How One Student Turned Her Love of Coffee Into a Campaign for Climate and Equality
- divya064
- 31 minutes ago
- 8 min read

The coffee industry fuels pollution while the labor behind it often goes unseen. Student Ambassador Gaurjan is changing that with ReBrew, a youth-led nonprofit turning used coffee grounds from local cafés into body scrubs and candles. The initiative also empowers rural women to earn with dignity through their craftsmanship. Join us in the conversation we had with her.
Tell us about yourself, where you live, your passions, and projects.
I am Gaurjan Sharma, a 17-year-old IB student currently living in Chandigarh, India, after moving 13 schools across various cities and states throughout the country. I have moved from place to place my entire life and have somehow found and curated a family at every single one of them. I am an incredibly sociable person who internalised the “jack-of-all-trades” mentality at the age of 6 and haven’t looked back since. Striking random debates as I go, editing short films at midnight, choreographing dance routines, writing relentlessly, painting my walls, teaching, researching, and I promise there is no end to this list.

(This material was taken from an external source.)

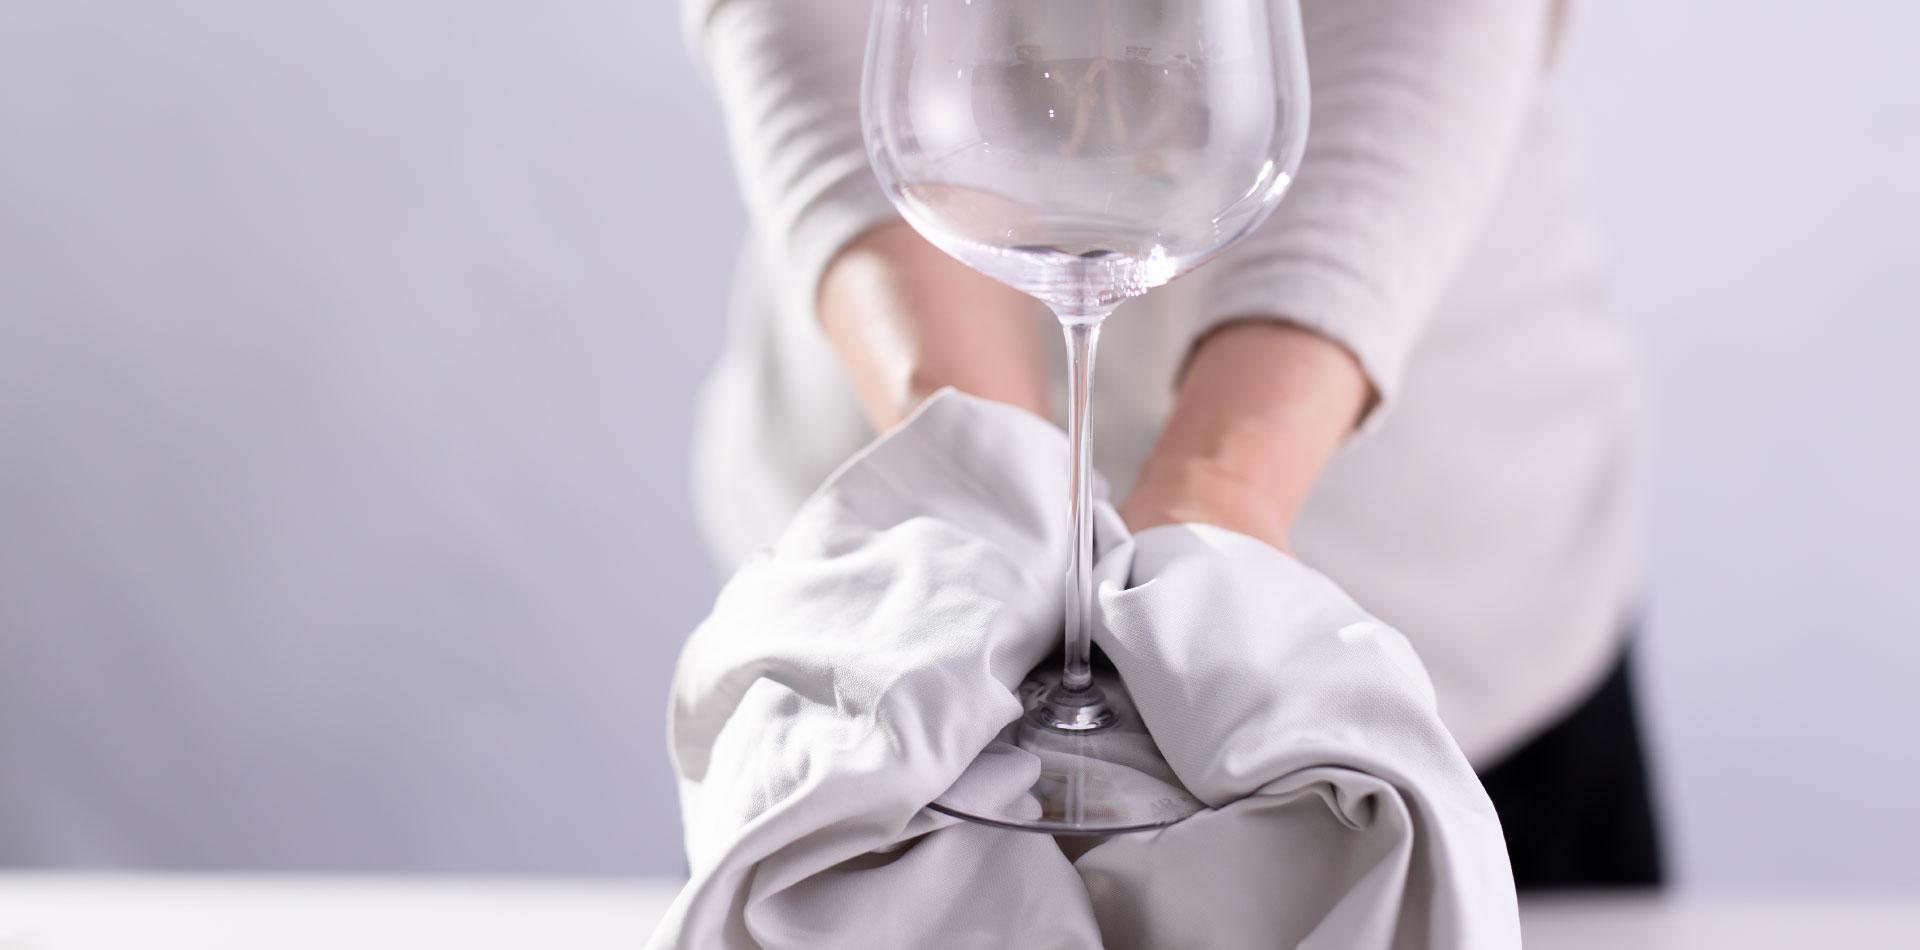 グラスの拭き方(磨き方)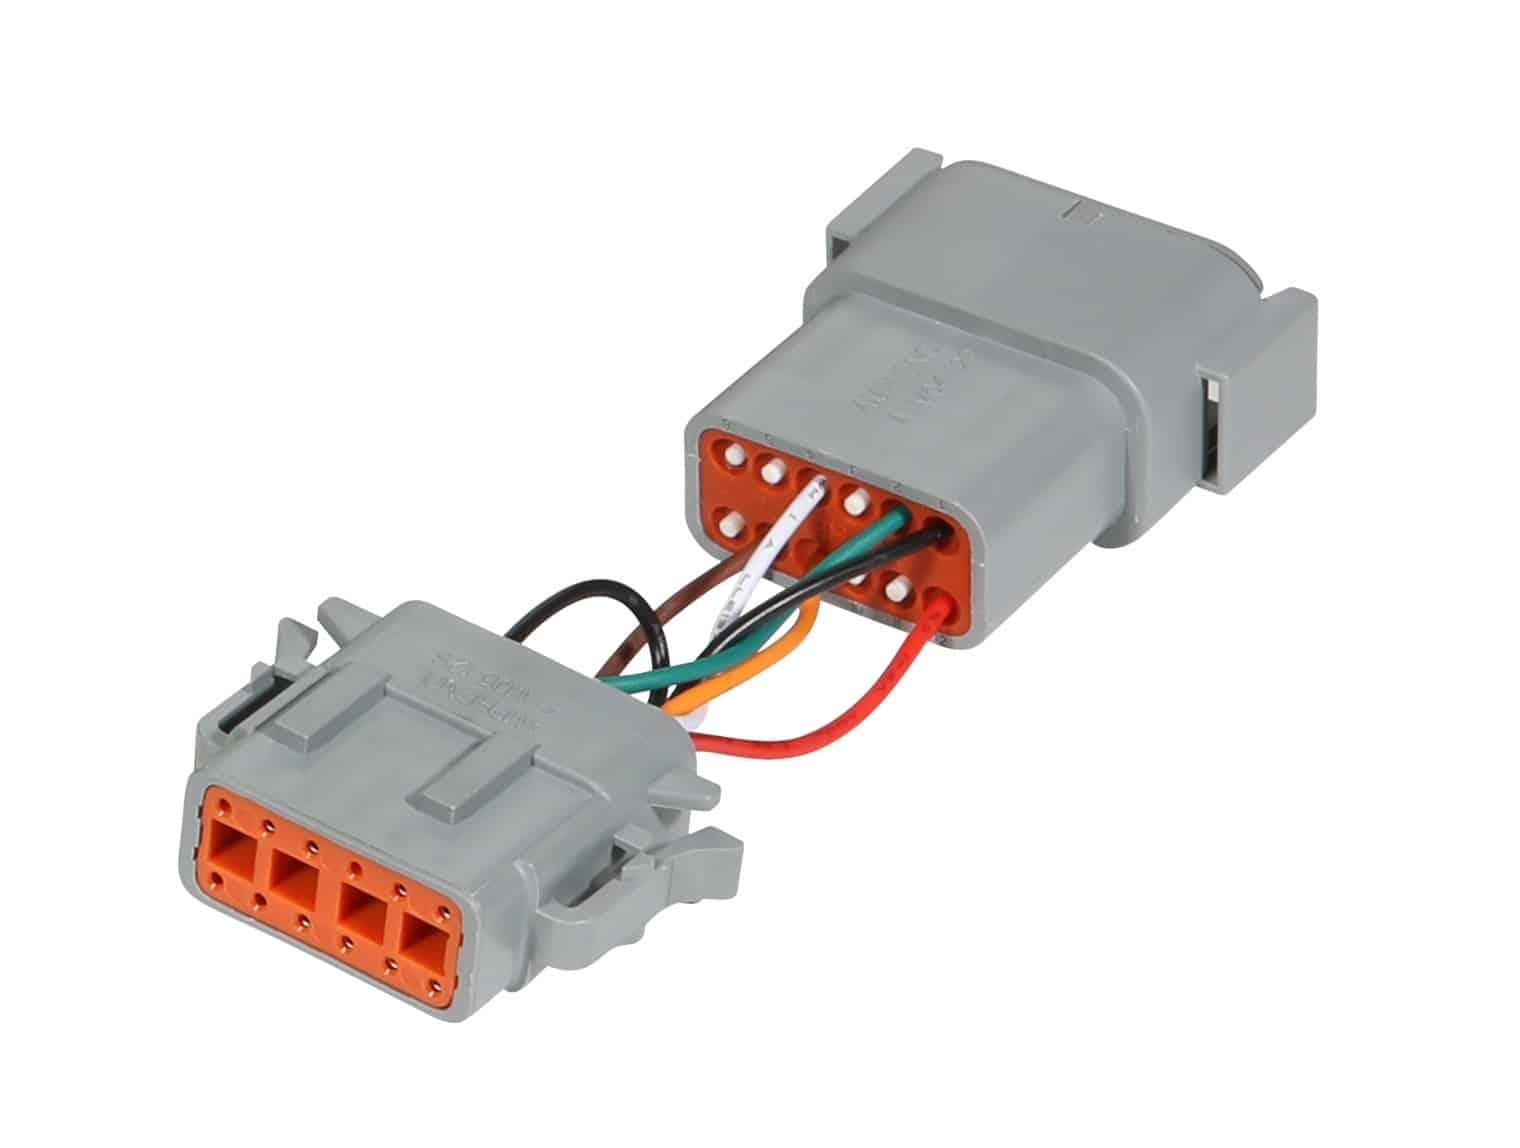 Bild: Geotab HRN-RMRCA1 Kabelbaum Adapter CAT-spezifischer Adapter Bj. 2000-2016

I am a 1M1B Future Leader, a Bevisioneer (Mercedes-Benz fellow), and a member of the NYAS Junior Academy, and this is all because of the projects I devote my heart and soul to, such as ReBrew (a youth-led sustainable coffee initiative) and Edventure (an education access program).
I don’t have a lot of beliefs, I don't believe in god, or ghosts or love or souls but I believe in people, I believe in the people I choose to surround myself with, the people I teach and the people I help.
What inspired you to create your nonprofit, Rebrew? And what is the story behind it?
I have been a night owl for years, and especially during middle school when the pandemic hit in 2020, I just started studying, reading and doing all my work at night primarily. I love the quiet of the night and the fact that every single soul around me is sleeping, and I am completely alone leaves me at ease and comfort. Every night that I was up, every sleep-deprived day I was studying I always had one thing by my side--coffee.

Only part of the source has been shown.